Basic computational linguistics and natural language processing in Python.
pip install textanalytics
pip install git+https://github.com/jonathandunn/text_analytics.git
This package provides code to support introductory courses in computational linguistics or natural language processing. These courses are available free on edX:
Introduction to Text Analytics and Natural Language Processing with Python
Visualizing Text Analytics and Natural Language Processing with Python
from text_analytics import TextAnalytics
ai = TextAnalytics()
style, vocab_size = ai.get_features(df, features="style")
style = Function word n-grams
sentiment = Positive and negative words
content = Top content words with TD-IDF weighting, PMI for finding phrases, no stop words
constructions = A bag-of-constructions syntactic representation
ai.shallow_classification(df, label, features="style", cv=False, classifier='svm')
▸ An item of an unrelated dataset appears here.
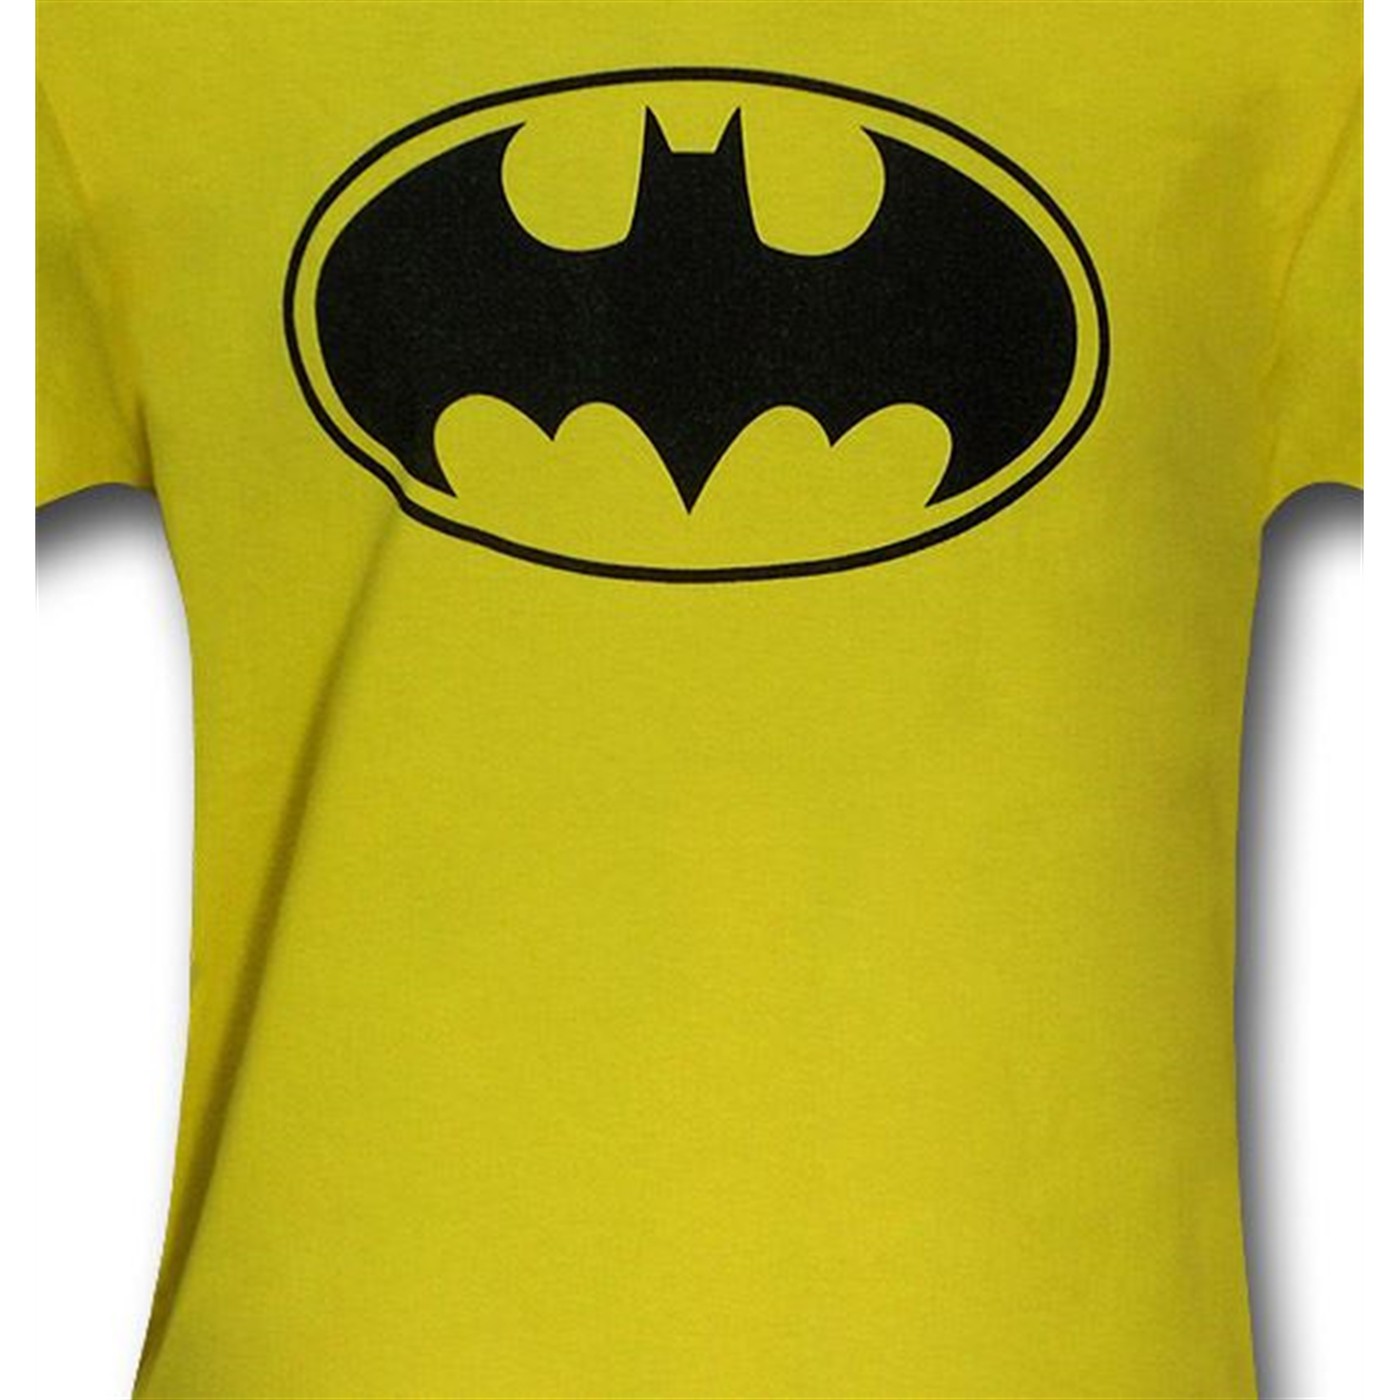 Batman Symbol Yellow T-Shirt

ai.mlp(df, label, features="style", validation_set=False, test_size=0.10)
Topic Models
ai.train_lda(df, n_topics, min_count)
topic_df = ai.use_lda(df, labels="Author")
Vector Semantics
ai.train_word2vec(file, min_count, workers)
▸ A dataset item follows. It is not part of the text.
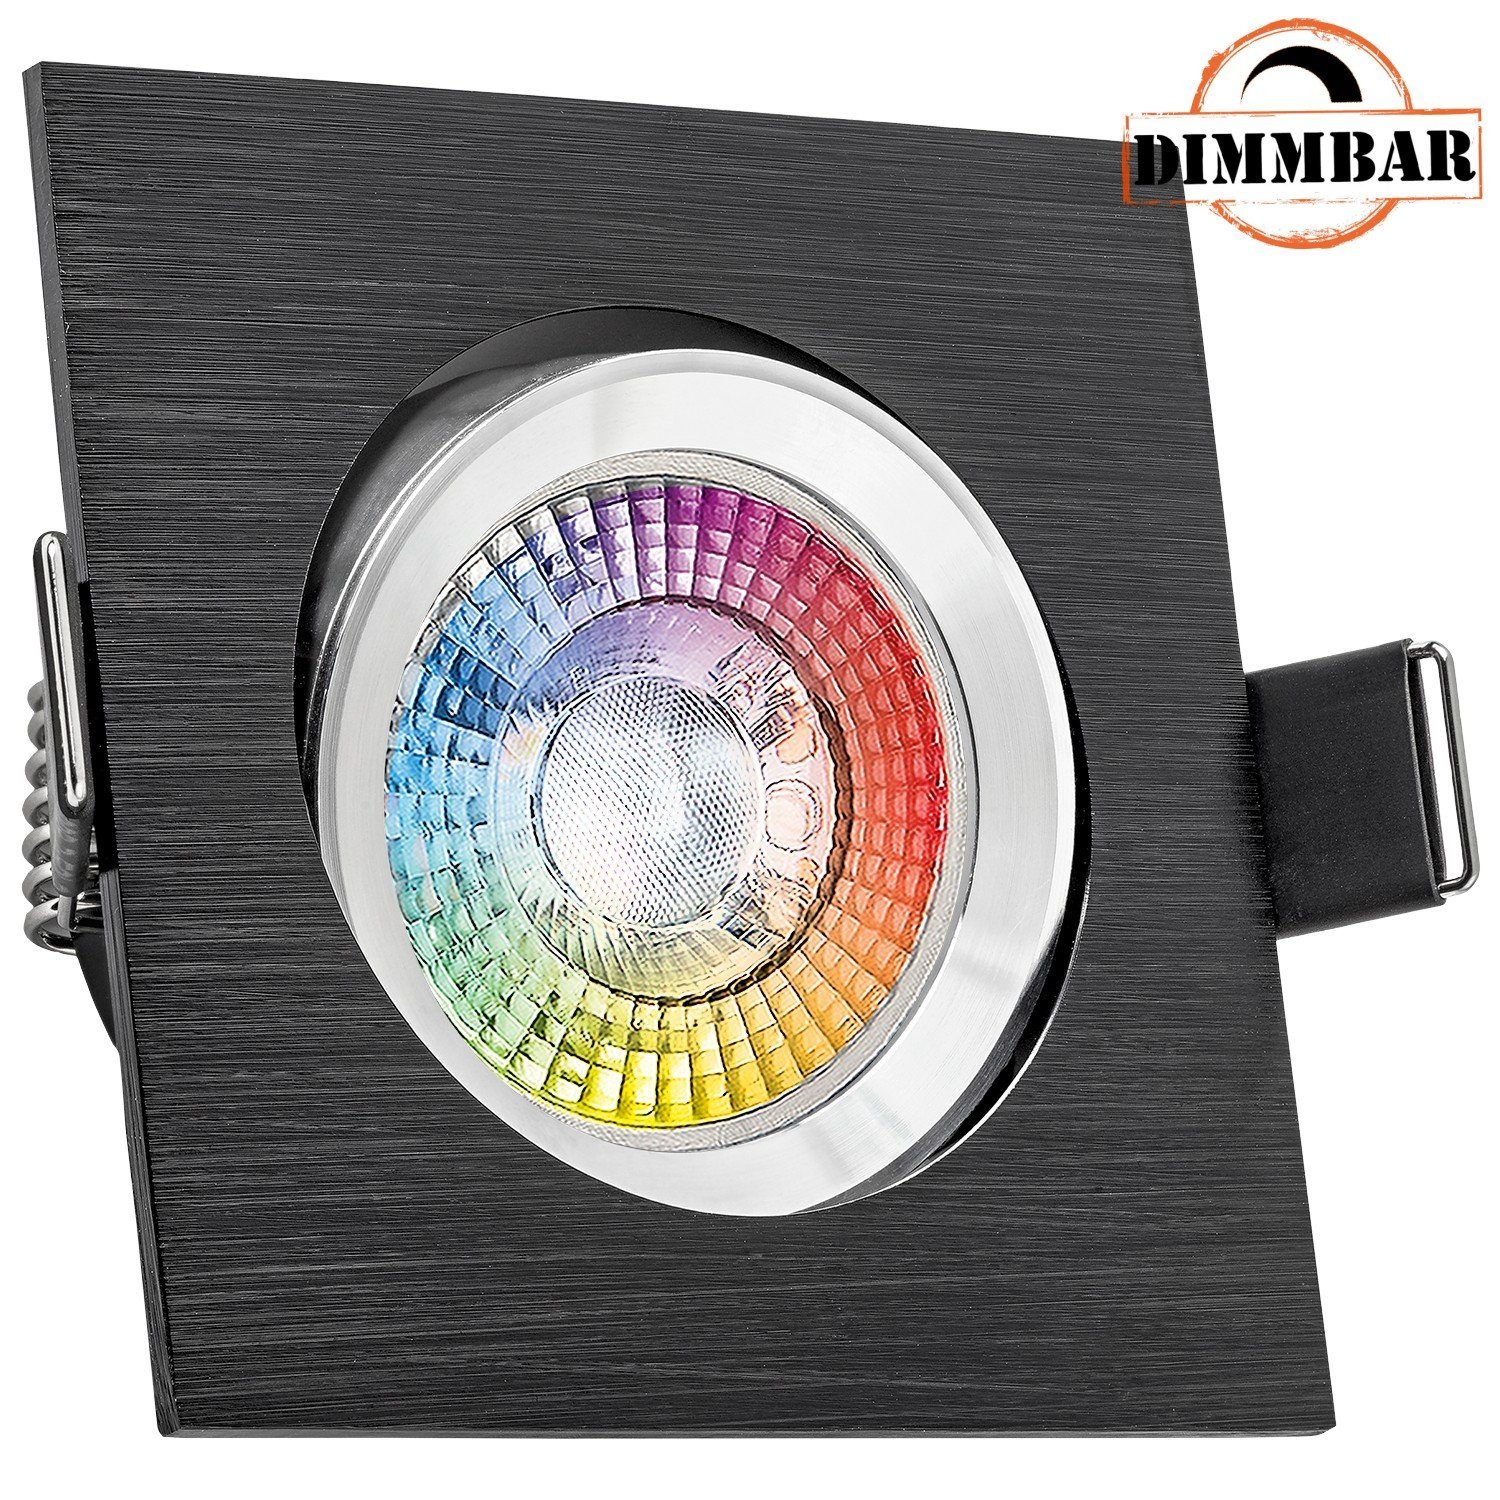 LEDANDO flach - 3W in LED Set zweifarbig Einbaustrahler Einbaustrahler extra RGB bicolor LED mit

Document and Word Clusters
cluster_df = ai.cluster(x, y=None, k)
*Nearest document searches
y_sample, y_closest = ai.linguistic_distance(x, y, sample=1, n=3)
PMI-based Phrases
ai.fit_phrases(df)
Delta P-based Phrases
association_df = ai.get_association(df, min_count = 1, save_phraser = True)
Basic word frequencies
vocab = ai._get_vocab_list(df, min_count, return_freq = True)
Corpus Comparisons
similarity = ai.get_corpus_similarity(df1, df2)